Schönfelder U, Hofer A, Paul M, Funk R H
Institut für Anatomie der TU Dresden, Dresden, D-01307, Germany.
Microvasc Res. 1998 Jul;56(1):22-9. doi: 10.1006/mvre.1998.2086.
We observed the retinal capillary pericytes of the rat in situ. Whole retinae were mounted, immediately post vivo, in a special tissue chamber for electronic light microscopy at high magnifications. Under electronic light microscopy the pericytes could be clearly distinguished from the endothelial cells. In addition, the contractile apparatus of the pericytes was demonstrated by immunohistochemistry with alpha-smooth muscle actin. Administration of angiotensin II as well as endothelin into the observation chamber caused a significant decrease of the mean capillary diameter (13 and 16% reduction, respectively) within 90 s. Carbachol, bradykinin, and histamine significantly increased the capillary diameter within 90 s (13, 20, and 18% increase, respectively). This study demonstrates that our method allows the analysis of vasoactive effects on the retinal capillary in situ. We observed that this type of capillary can actively change its diameter.

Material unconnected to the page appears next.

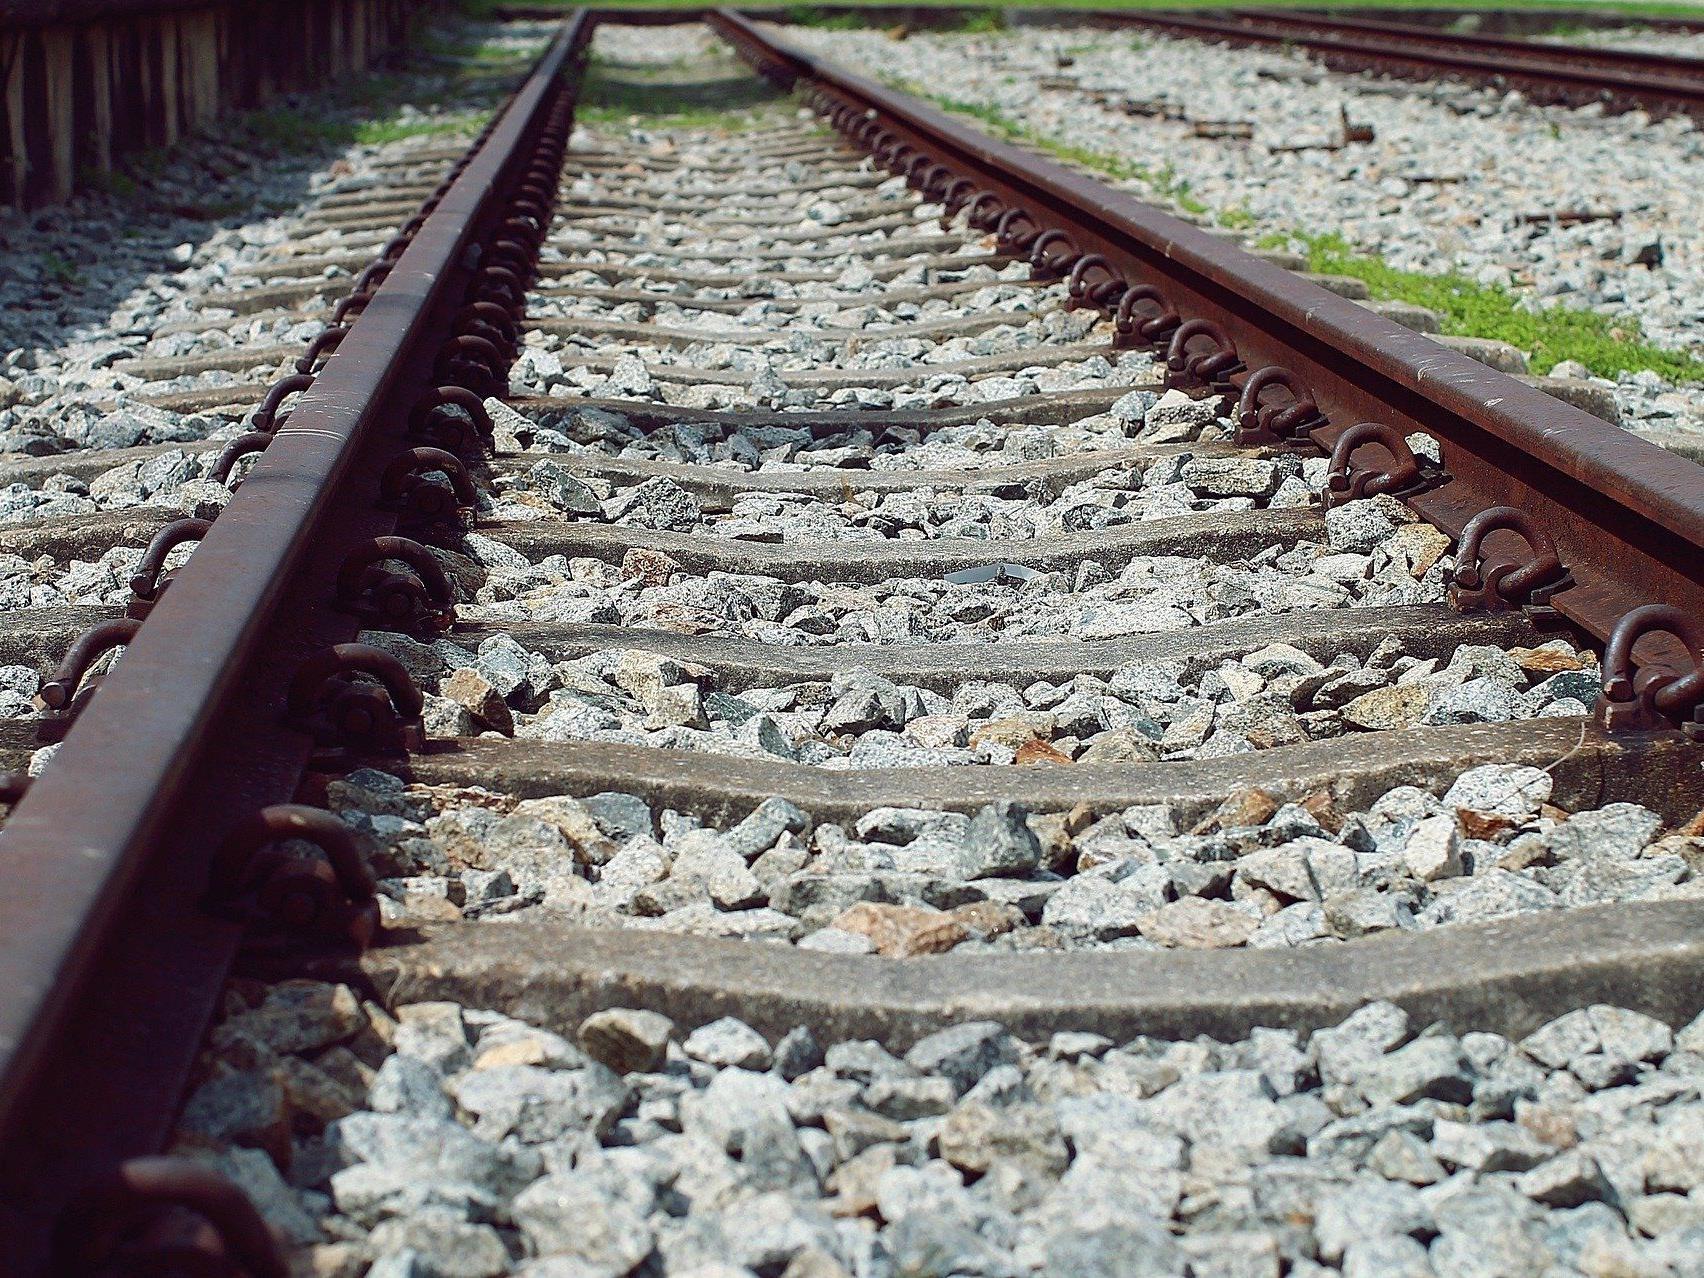 Die 14-jährige Kopftuchträgerin gab an, auf die Gleise der Wiener S-Bahn gestoßen worden zu sein.

我们对大鼠视网膜毛细血管周细胞进行了原位观察。在大鼠死后立即将整个视网膜置于一个特殊的组织腔室中,用于高倍电子光学显微镜观察。在电子光学显微镜下,周细胞可与内皮细胞清晰区分。此外,通过α-平滑肌肌动蛋白免疫组织化学法证实了周细胞的收缩装置。向观察腔室中注入血管紧张素II和内皮素后,在90秒内平均毛细血管直径显著减小(分别降低13%和16%)。卡巴胆碱、缓激肽和组胺在90秒内可显著增加毛细血管直径(分别增加13%、20%和18%)。本研究表明,我们的方法可用于原位分析对视网膜毛细血管的血管活性作用。我们观察到这种类型的毛细血管能够主动改变其直径。